How much of this is “sing Advent hymns, not Christmas carols” or schooling one another on proper liturgical colors?
How much of our own expectation for Advent is that it is simply the prelude to Christmas?
We love Luke’s gospel for its long witness to the birth of Jesus, but in year B, when we draw the gospel of Mark, we don’t get that. We get John, then BAM! Jesus is off and running.
Our own expectations rarely strike me as focused on this season any more than cultural Christianity with its music and decorations and Black Friday sales. We’re still talking about Christmas. Just that it’s coming.

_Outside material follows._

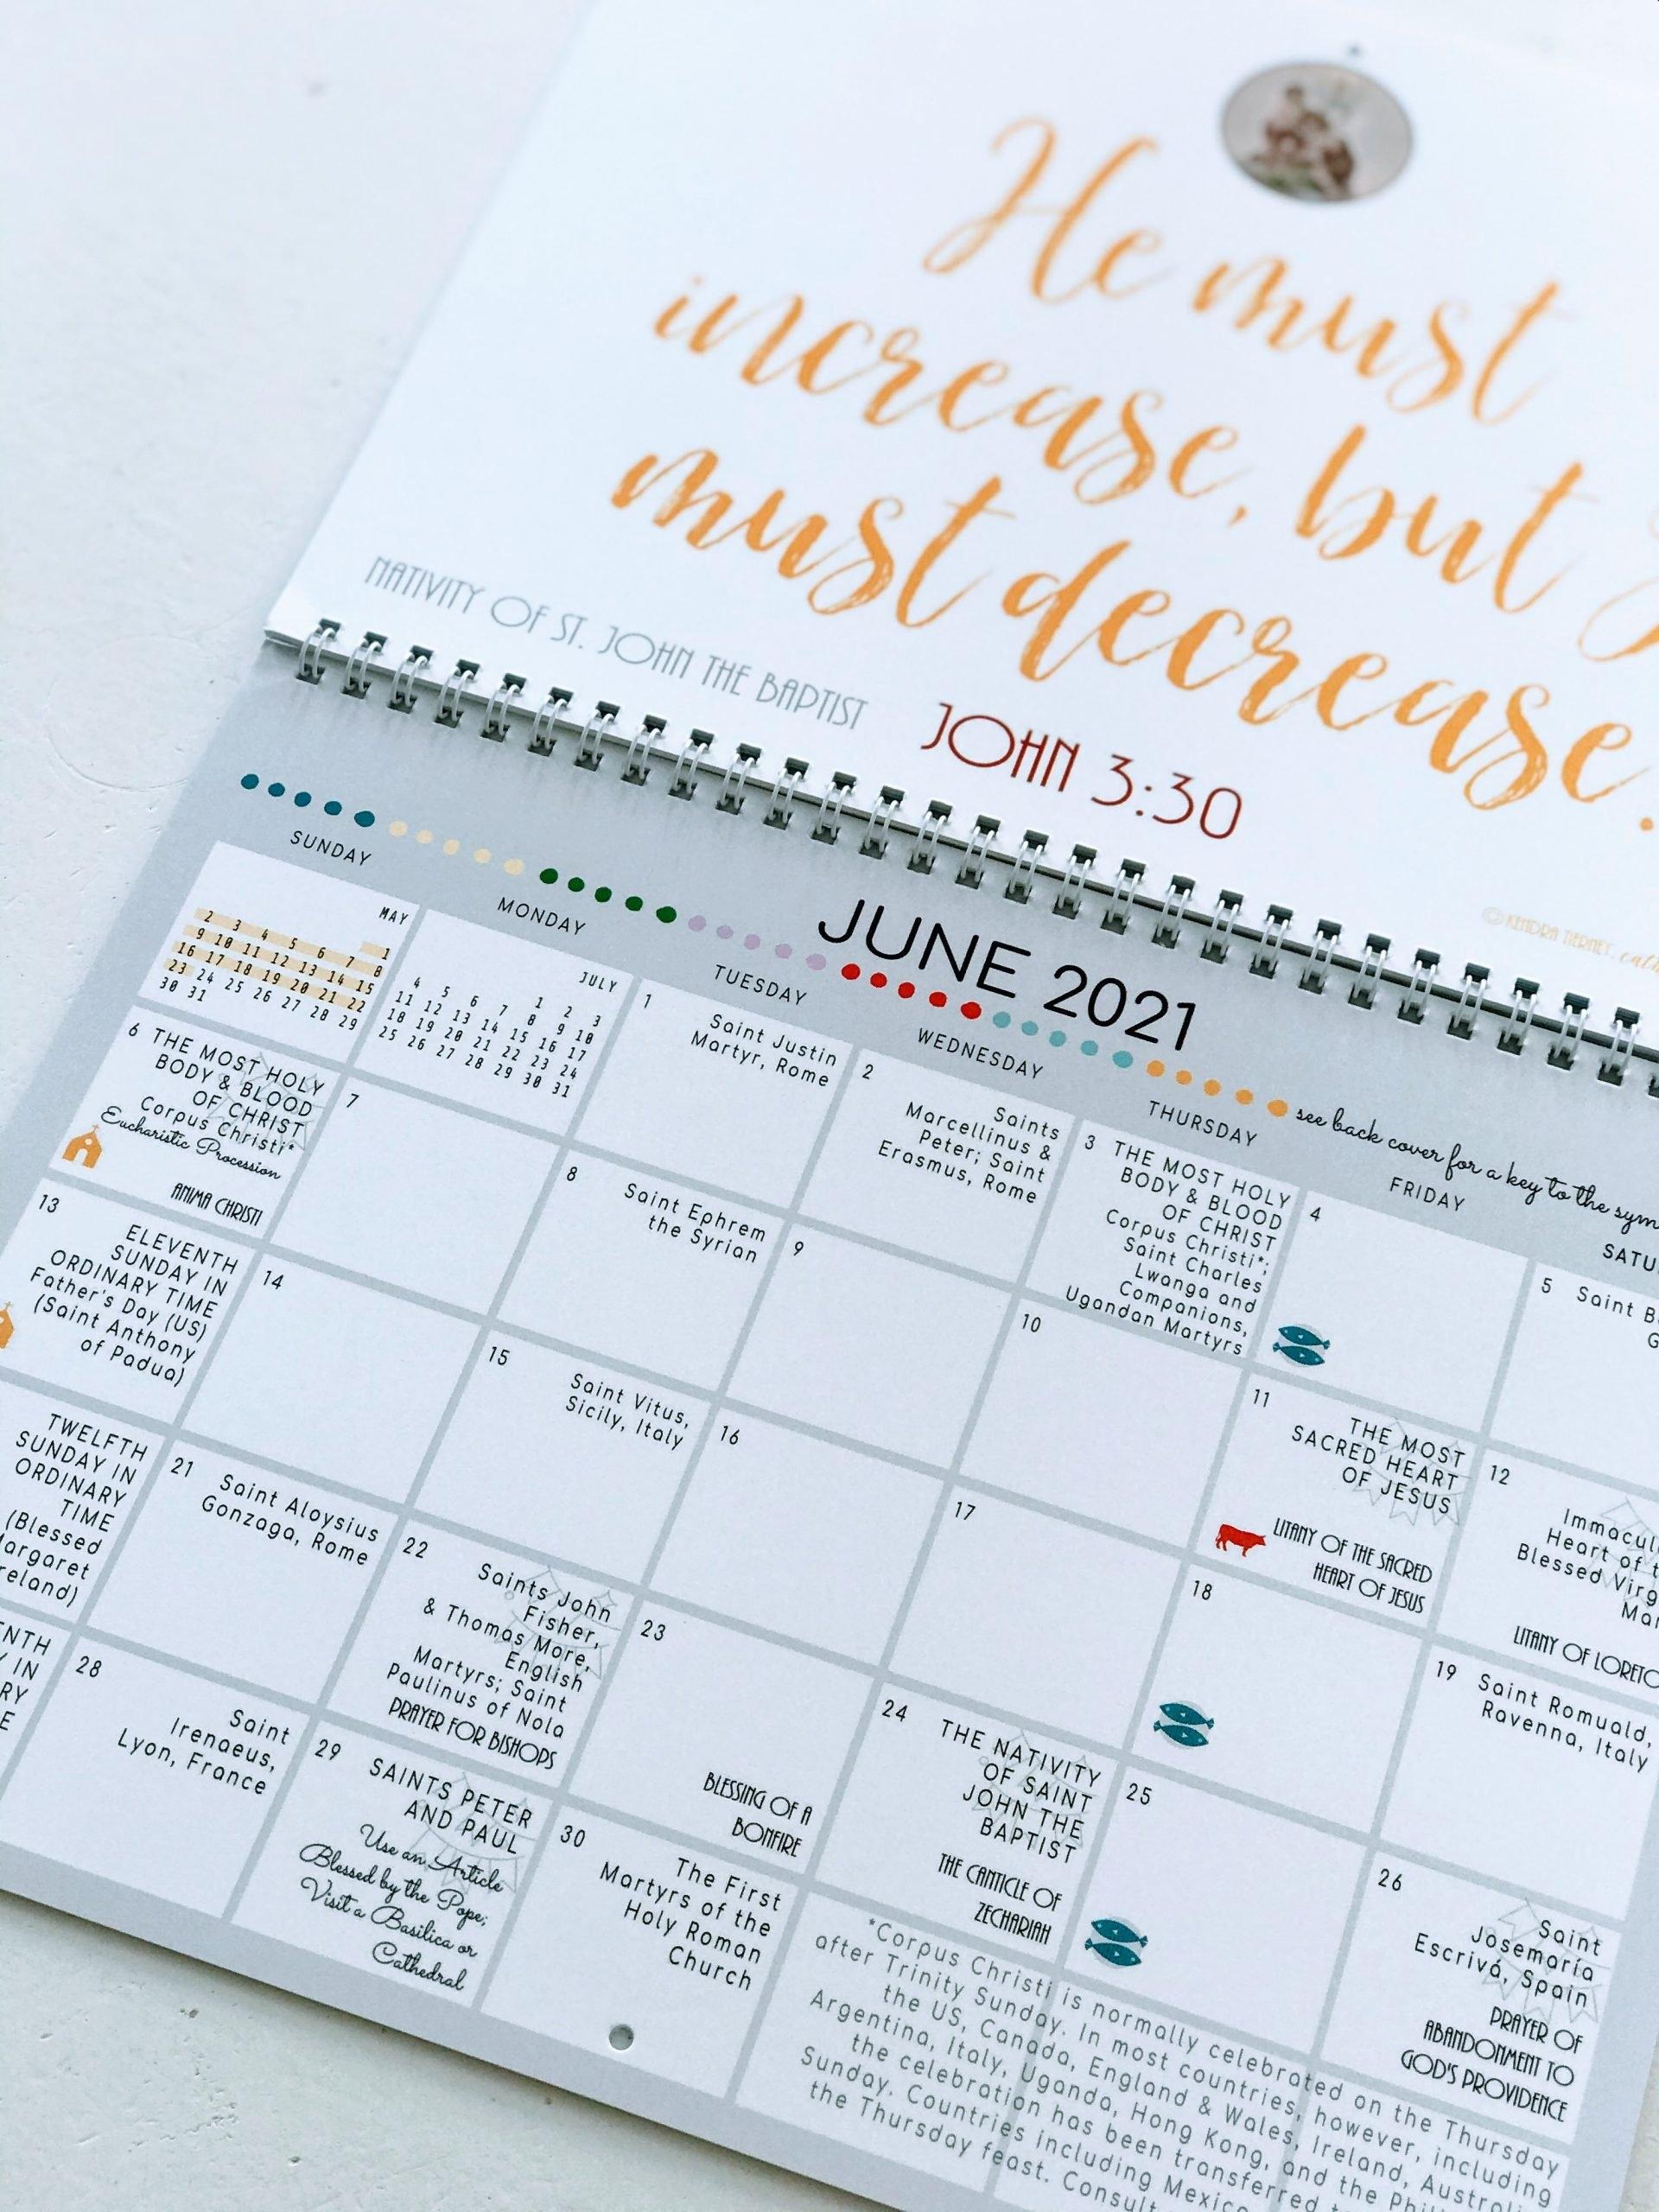 Free Printable Catholic Liturgical Calendar 2021 - 20+ Traditional Catholic Calendar 2021 - Free throughout Image Of 2021 Church Calendar

We aren’t talking about the season we’re in–Advent, the not-Christmas season.
So what should we focus on? How can we prepare when our minds aren’t on the big day?
The True Nature of Advent
We forget that we aren’t actually preparing for Jesus’s birth. That happened over 2000 years ago.
Advent combines the first and second comings. That’s super-traditional. For those of us with a high-incarnational view, then we’re talking about all the ways we are engaging in the almost/not-yet of Jesus in all aspects of our lives.
In this way, the Little Apocalypse of Mark can be our friend. Because it isn’t about Mary or shepherds or expectant babies. This isn’t guiding us to think about a Jesus who is to come, but a Jesus who came and keeps coming back to us to turn our lives around.
The Big Question
While I love apocalyptic literature, I also know I’m the nerd in the room who loves its poetry. I’m not the one scared out of my mind to get all my junk ready for the random moment Jesus is going to show up to divide us. I’m no prepper; nor do I think God is a tyrant.
For the preacher, the big question is this:
How do you wrestle with the God of these readings? A God who seems absent but appears for judgment while our natural impulse is to preach preparation for Christmas, for the coming baby, to turn our hearts to a season which isn’t already here?
How do we stick to the gospel when American Christianity pulls us away from it?